* [Task brief]: An exact reprint of the listing is required, with no pictures included.

* [Source data]:
* * * * * * * * *
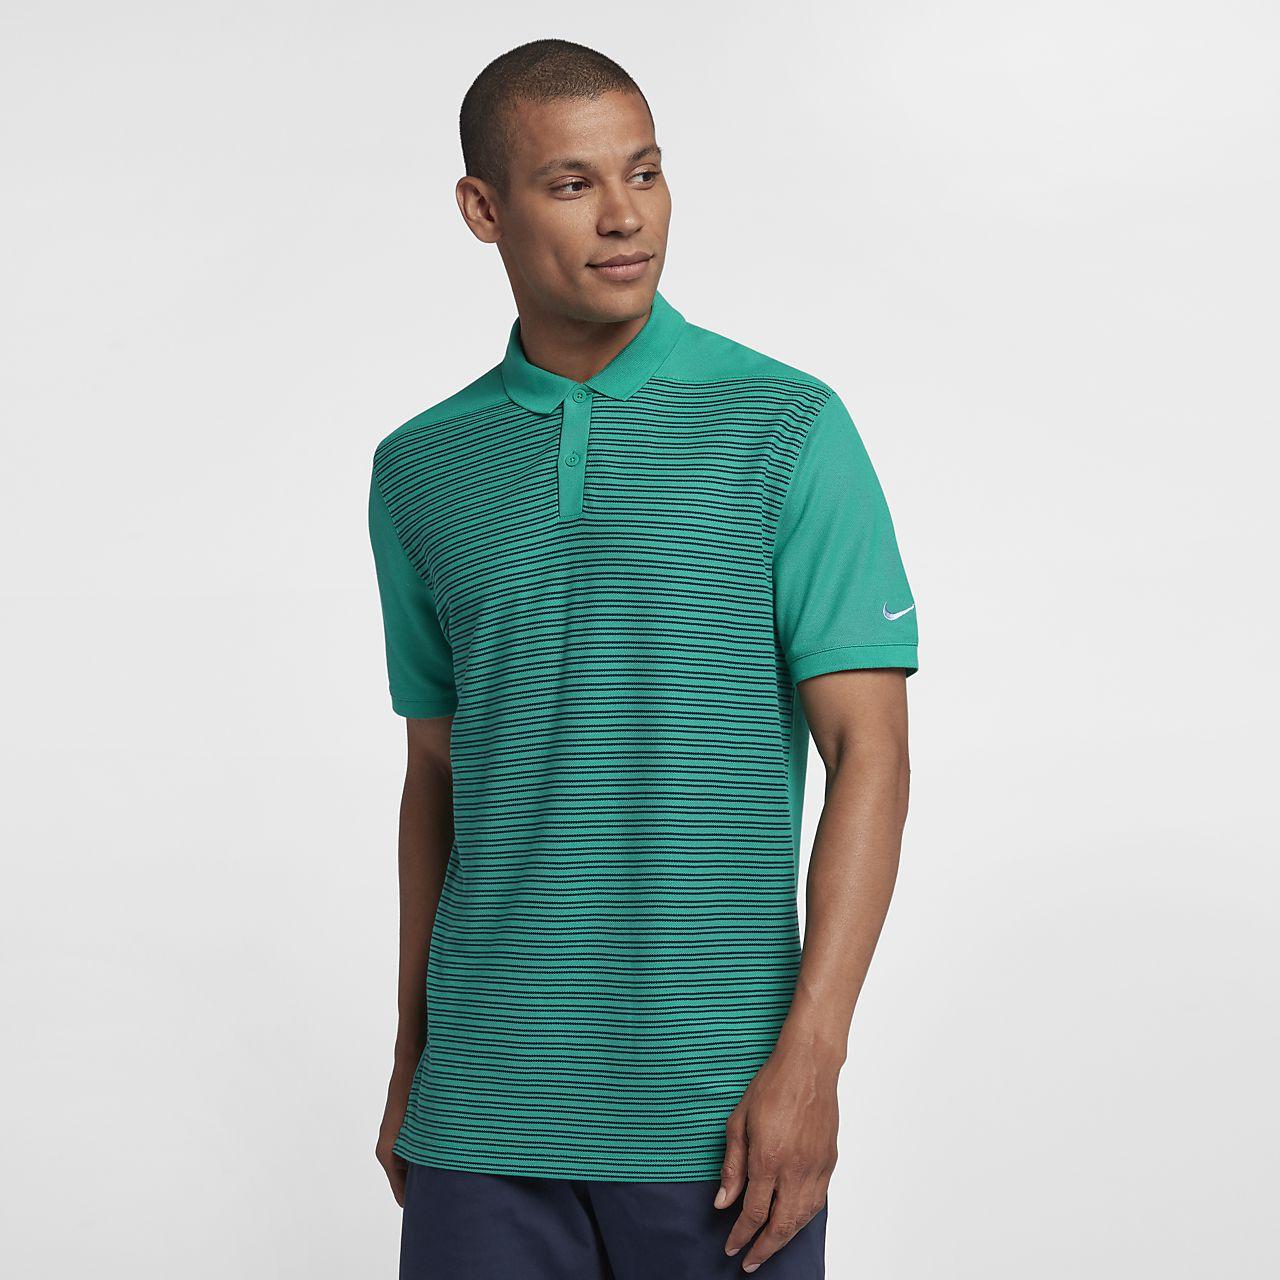 c3e9677b8 Nike Dri-FIT Men's Golf Polo. Nike.com SI
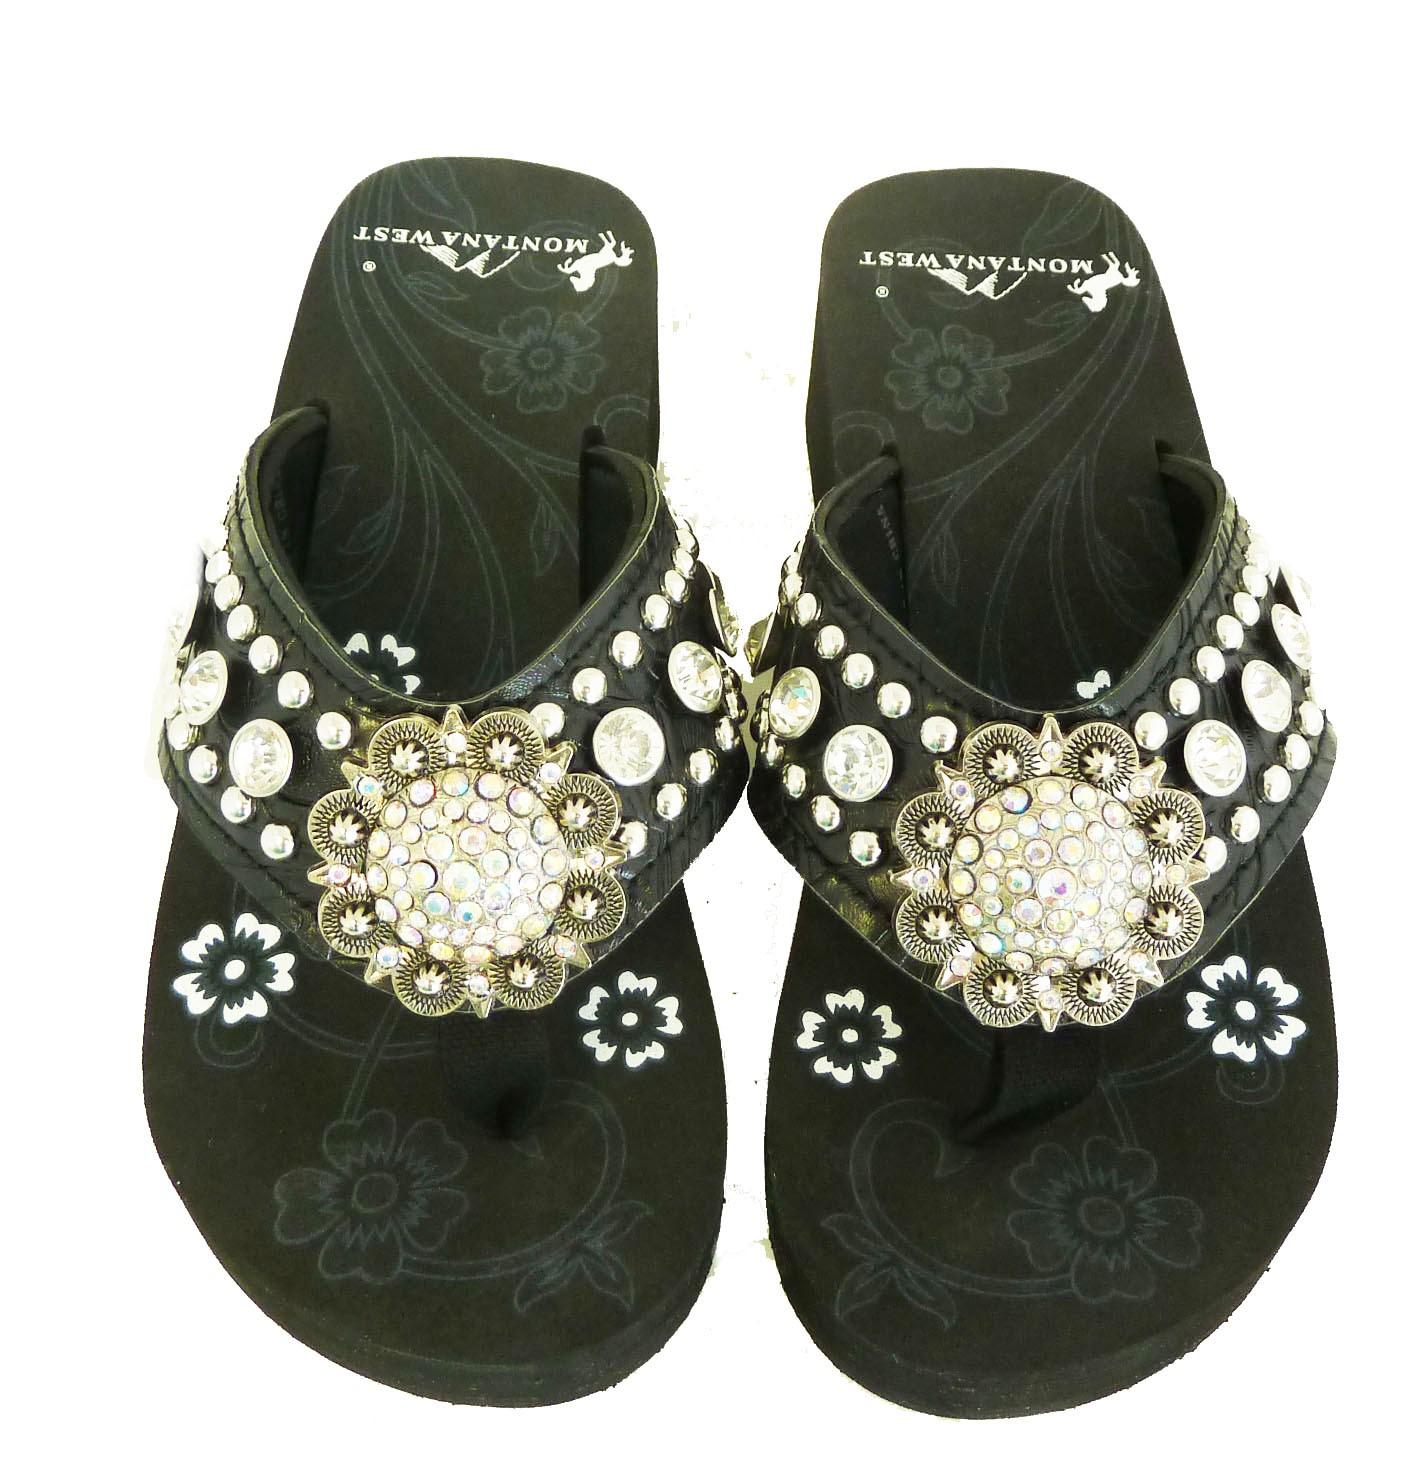 da46e0b6675f Montana West Women Flip Flops Wedged Bling Sandals Large Floral Concho  Coffee
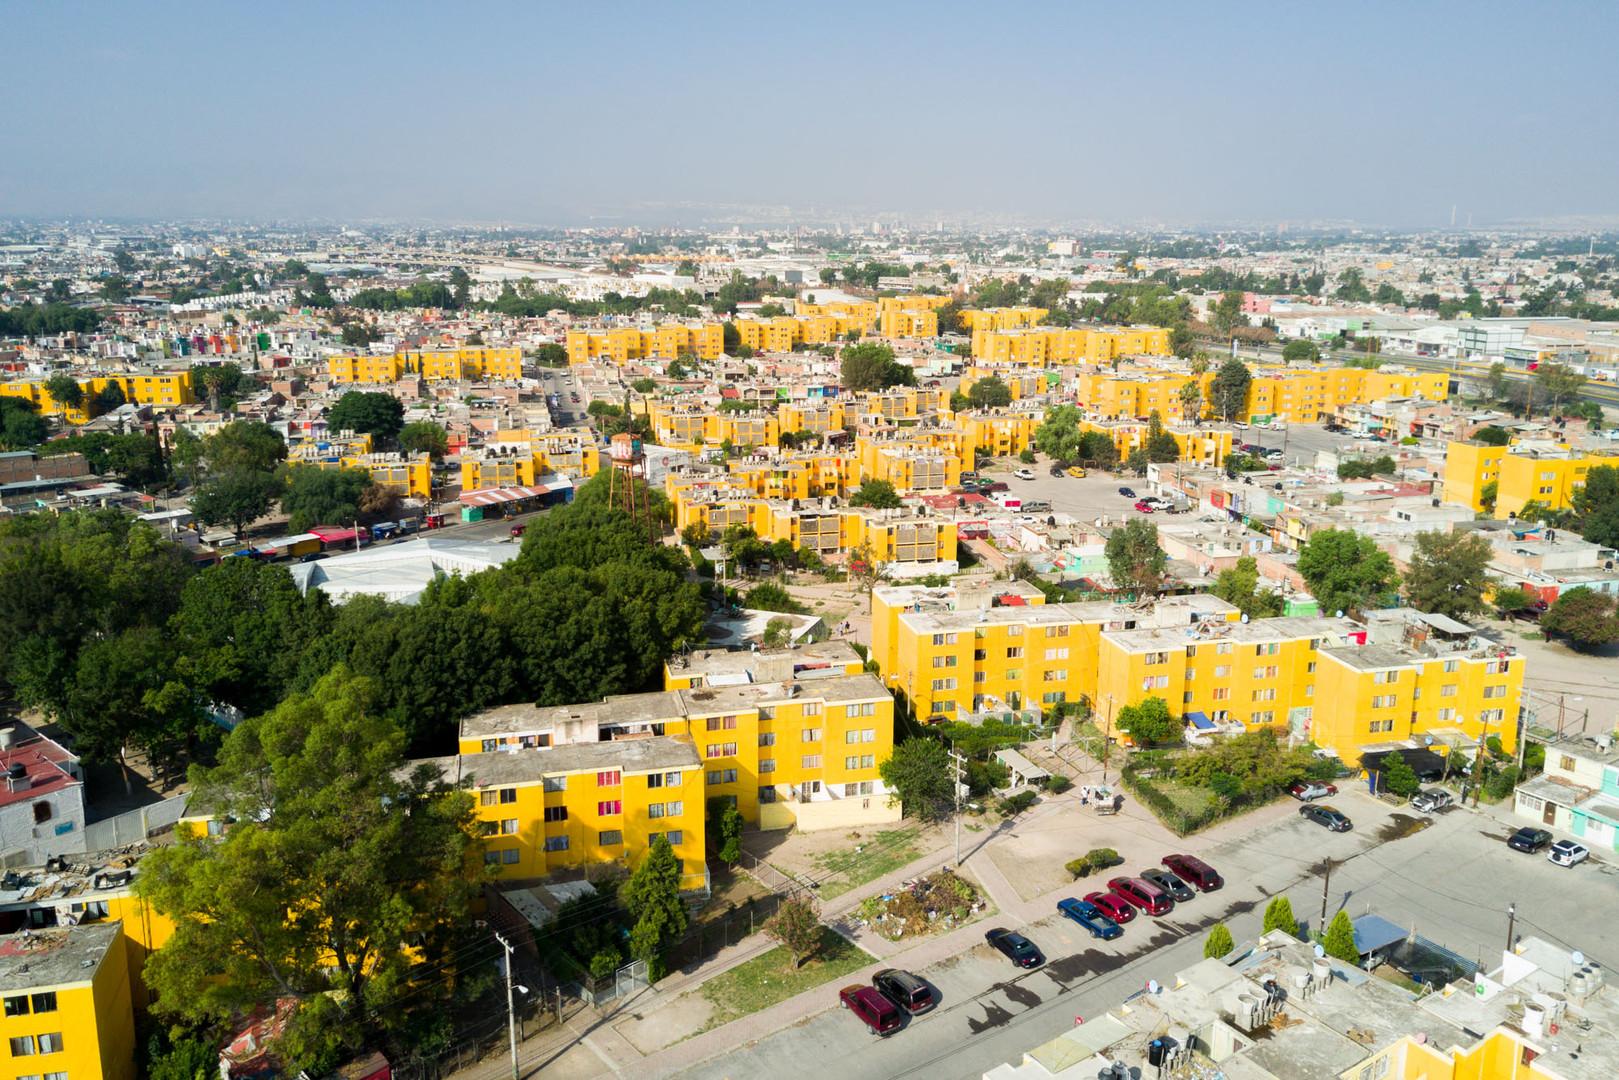 JFF_Hecho-en-Barrio-2.jpg
* * * * * * * * *
* [Written solution]:
 c3e9677b8 Nike Dri-FIT Men's Golf Polo. Nike.com SI
 da46e0b6675f Montana West Women Flip Flops Wedged Bling Sandals Large Floral Concho  Coffee
 JFF_Hecho-en-Barrio-2.jpg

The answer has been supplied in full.